- [REQUIRED ACTION]: Produce an exact transcription of the data, with the images left out.

- [DATA SHOWN]:
Content starts
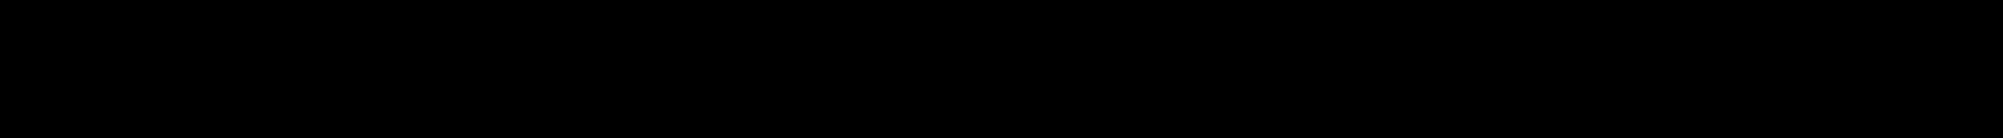 Edition Salzgeber
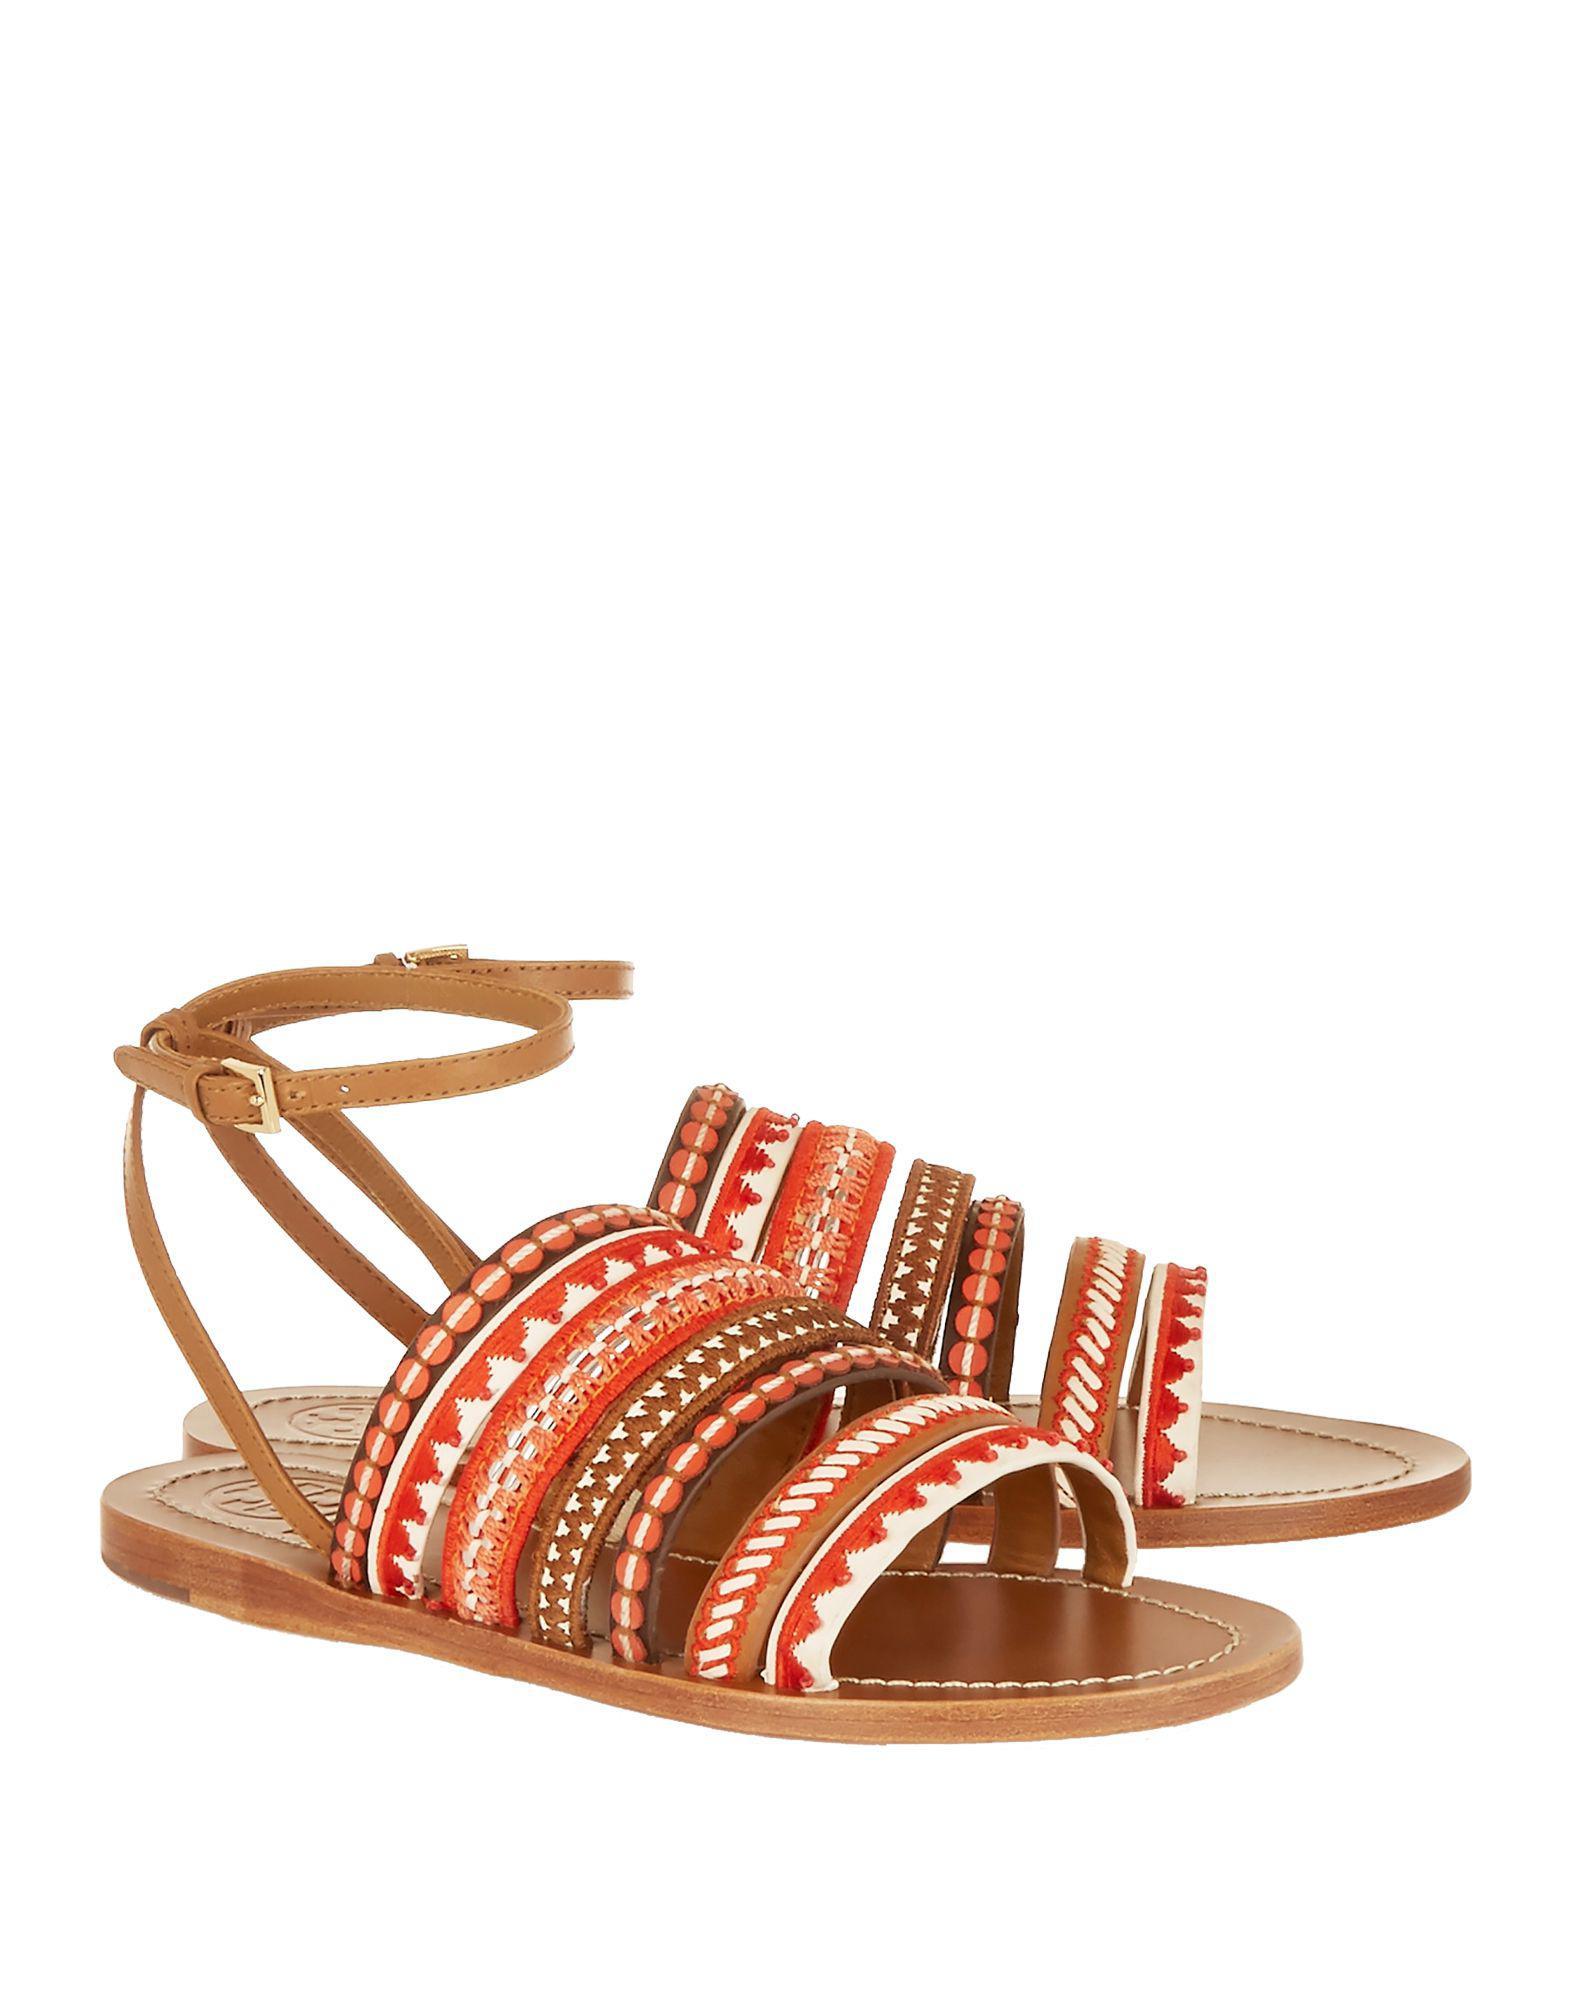 11966614f90 Lyst - Tory Burch Sandals
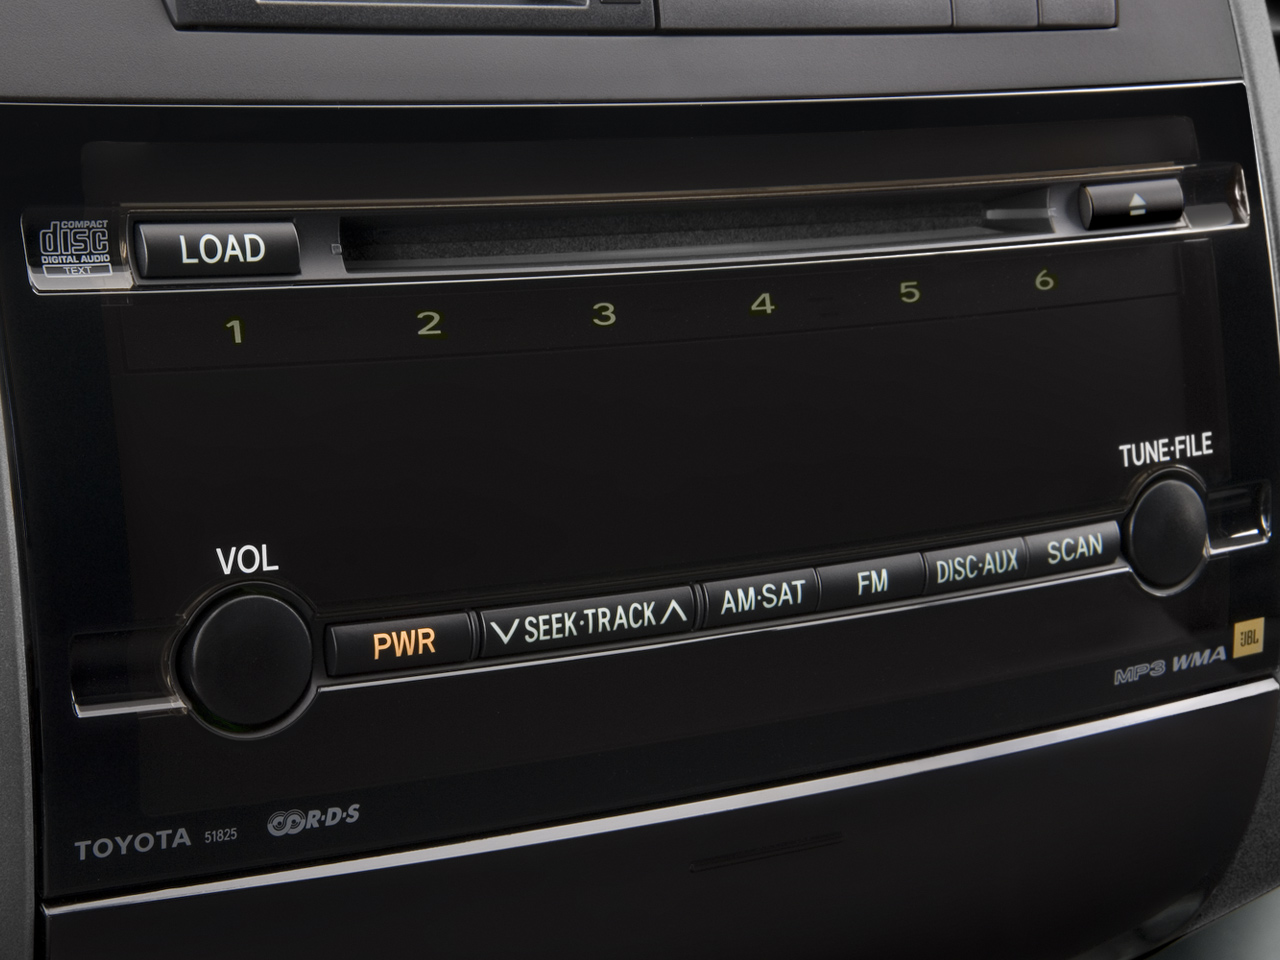 2008 Toyota Prius Touring Edition Hybrid Sedan Review Interior 43 50
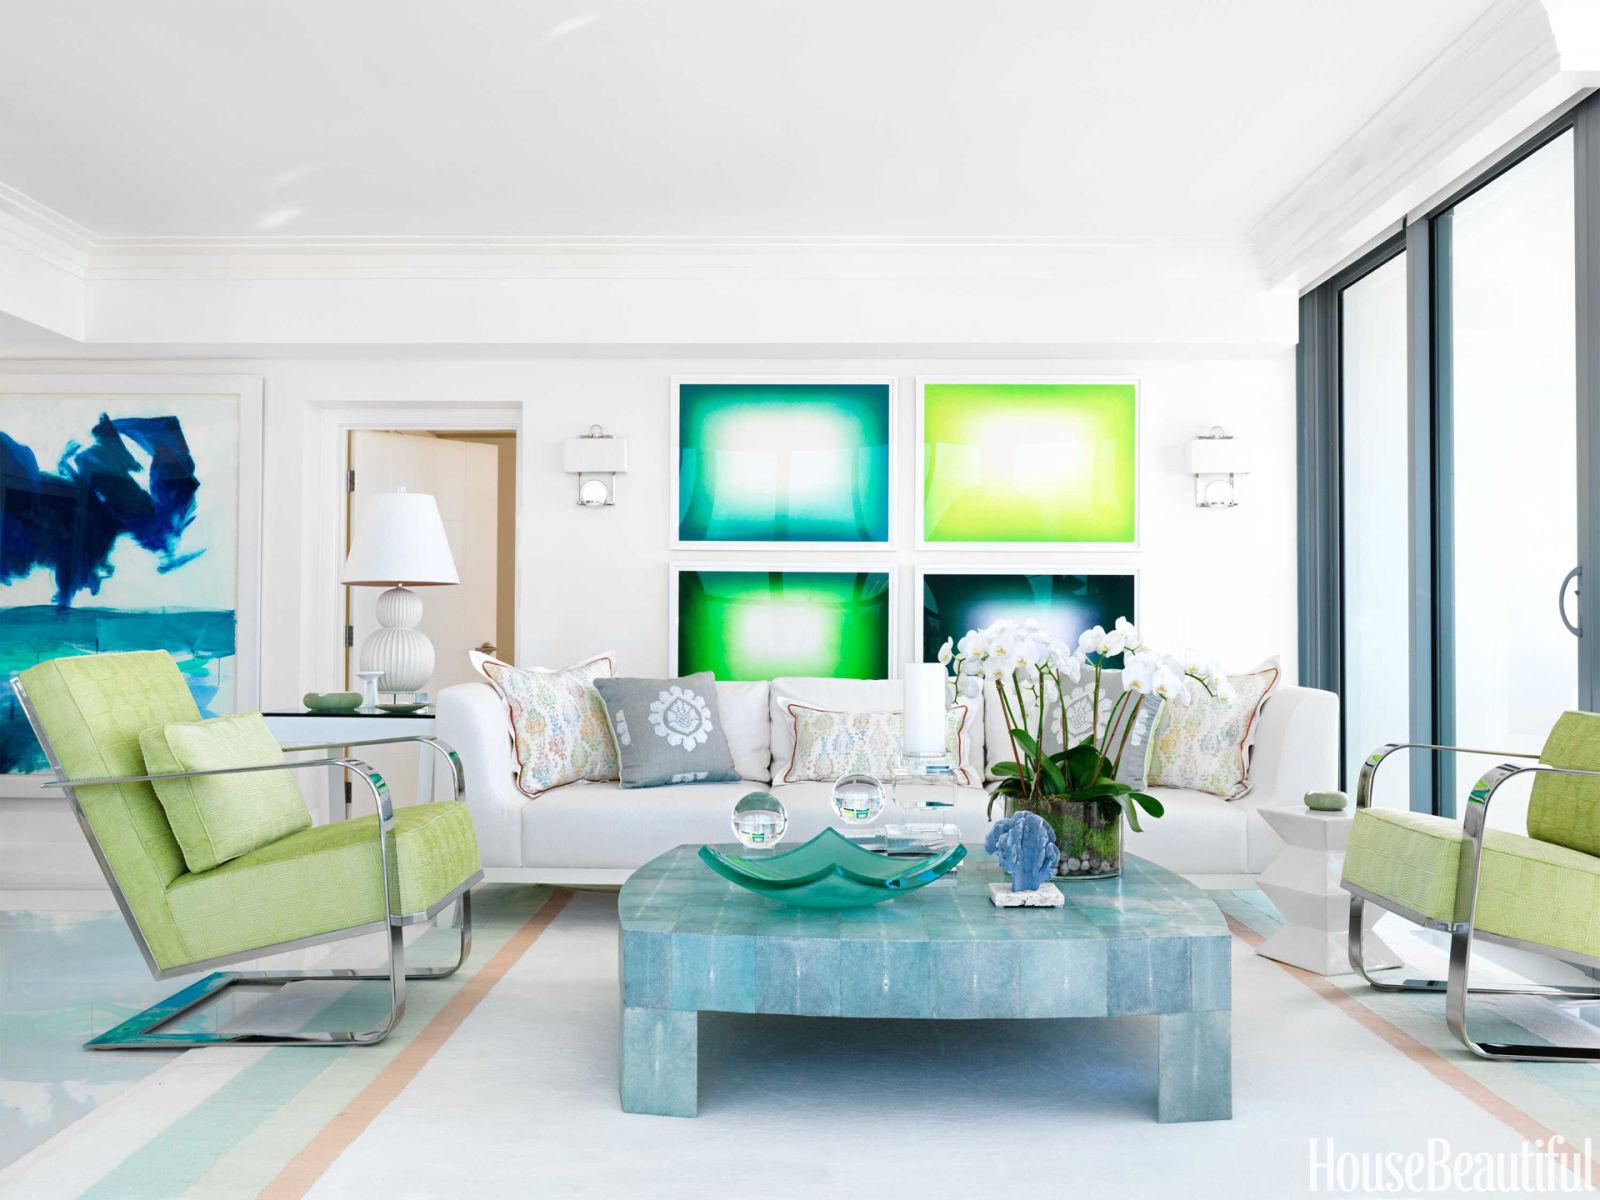 living room designs ideas photo - 5
Content ends
- [EXERCISE RESPONSE]:
 Edition Salzgeber
 11966614f90 Lyst - Tory Burch Sandals
 2008 Toyota Prius Touring Edition Hybrid Sedan Review Interior 43 50
 living room designs ideas photo - 5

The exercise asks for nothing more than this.